For many of us, committing to a database means a fear of having to interact with our data through a narrow set of pre-defined menus. Consider the problem of embedding hyperlinks in our data, discussed in the section "Internal and External Hyperlinks" above. We may understand what a hyperlink is, but we have to wait until the database understands before we can use them. Hence the impoverished linking of almost every genealogy online today.

A database must foresee every eventuality, in a way that the blank screen on which you hand-draw your narrative need not. Is that personal name too long to fit into the pre-defined field [11]? Does that person have too many wives [11]? (And if so, what do you do?) Did the database anticipate that someone might marry their own niece [45]? And so on. The discussion "Side-notes, partial trees, and other additions" above is a long list of additions and enhancements to our pedigree that may be difficult or impossible to construct through a database. When hand-drawing a narrative, these problems that database users wrestle with every day simply do not exist.

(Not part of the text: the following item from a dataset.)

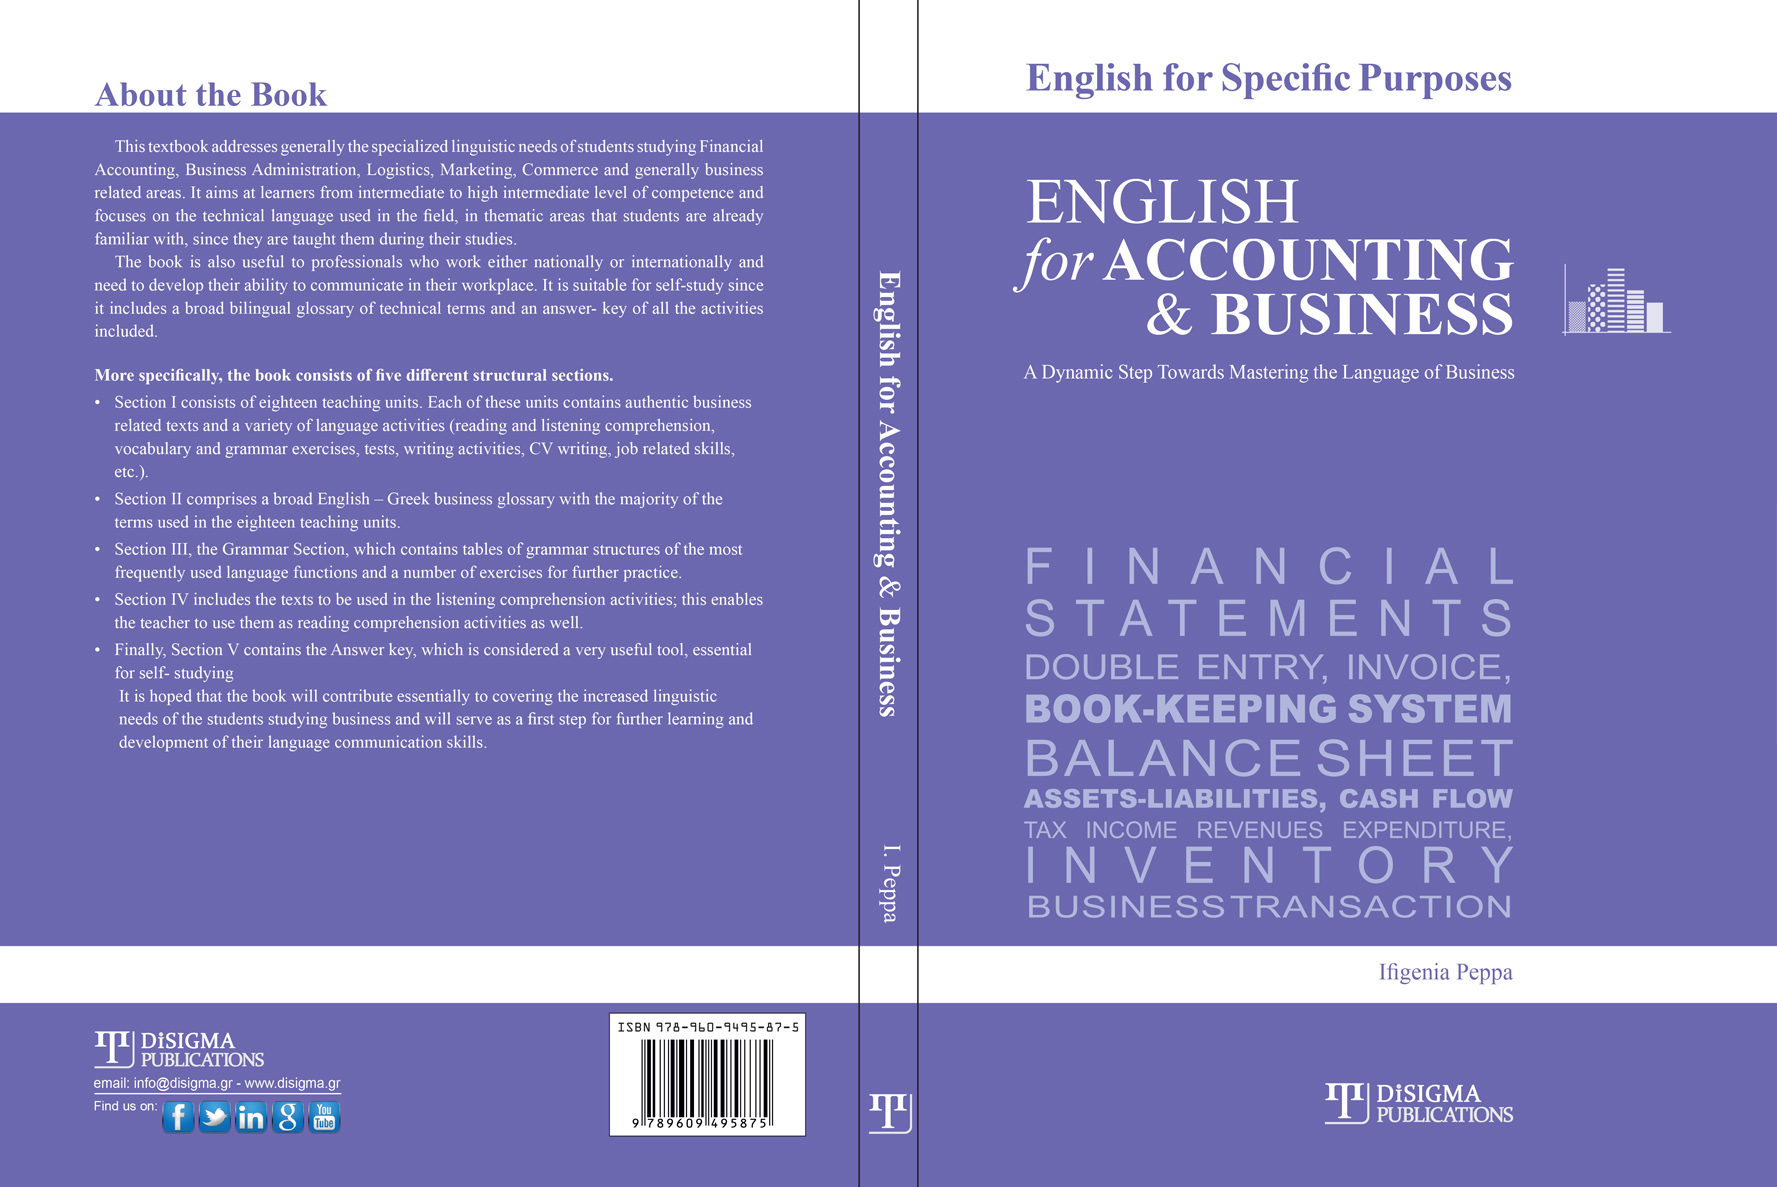 ENGLISH FOR ACCOUNTIN AND BUSSINES

Am I arguing against using databases at all?

Am I arguing against using databases at all? Of course not. There are also disadvantages to writing pedigrees by hand. You miss out on all the dedicated software designed to process GEDCOM (and other format) databases - find date inconsistencies, generate summary charts, a surname index, and so forth. You can still have a search engine, only it will have to search the raw text of the web pages rather than being able to search a particular field, like, for example, "surname". On my site [16], I have a full search engine, but no surname index.

In particular, it is easy to generate binary ancestor charts from a database. See for example the ancestors of the 8th Earl of Ormond [47] in the genealogy of Paddy Waldron [46]. A quite impressive system is in operation at the online Ancestral File of the Church of Jesus Christ of the Latter-Day Saints [48]. See for example the ancestors of Edward III [49]. Another good example of an automated ancestors chart showing a large number of generations on screen at the same time (at some cost in readability) is the Ancestors of Paul B. McBride [50]. For a survey of GEDCOM-to-web-page convertors see [51]. For a survey of genealogy databases with native web-output see [52].

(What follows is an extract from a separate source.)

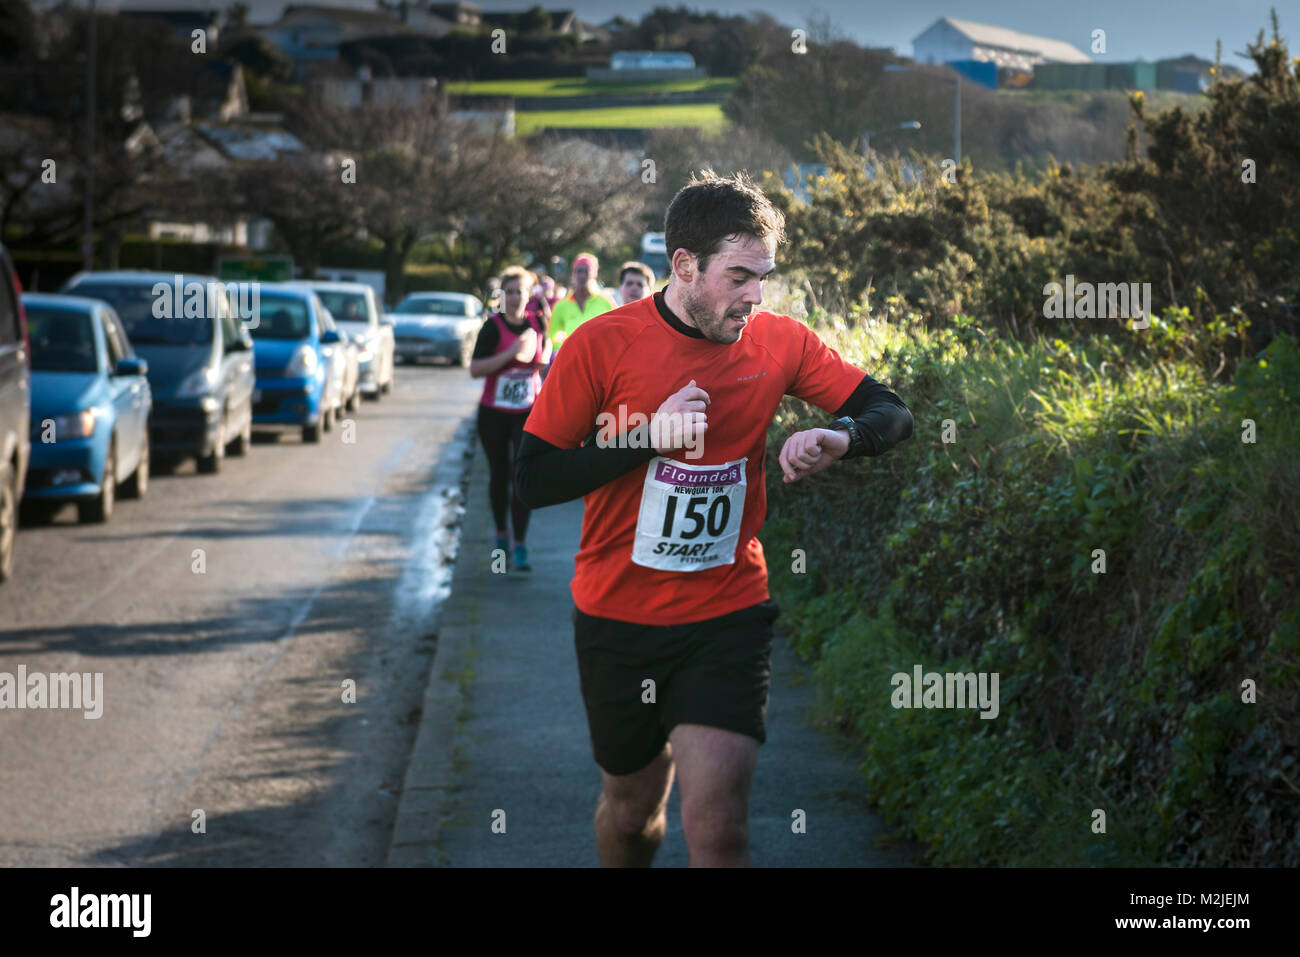 A runner checking his time during a road race in Newquay Cornwall. Stock Photo

However, just because we want to use HIN doesn't mean we have to abandon databases. Which leads us to the next section.







Part 3 - Future Work and Conclusion


7. Future Work

Automatically-generated HIN output

It is nice to know that we can draw serious pedigrees by hand if, like me, you dislike interacting with databases. However, HIN can also be seen as just another possible output format for a database - an output format optimised for hypertext and variable resolution. It should in fact be possible to automatically build a Hypertext Indented Narrative set of web pages from any of the standard databases.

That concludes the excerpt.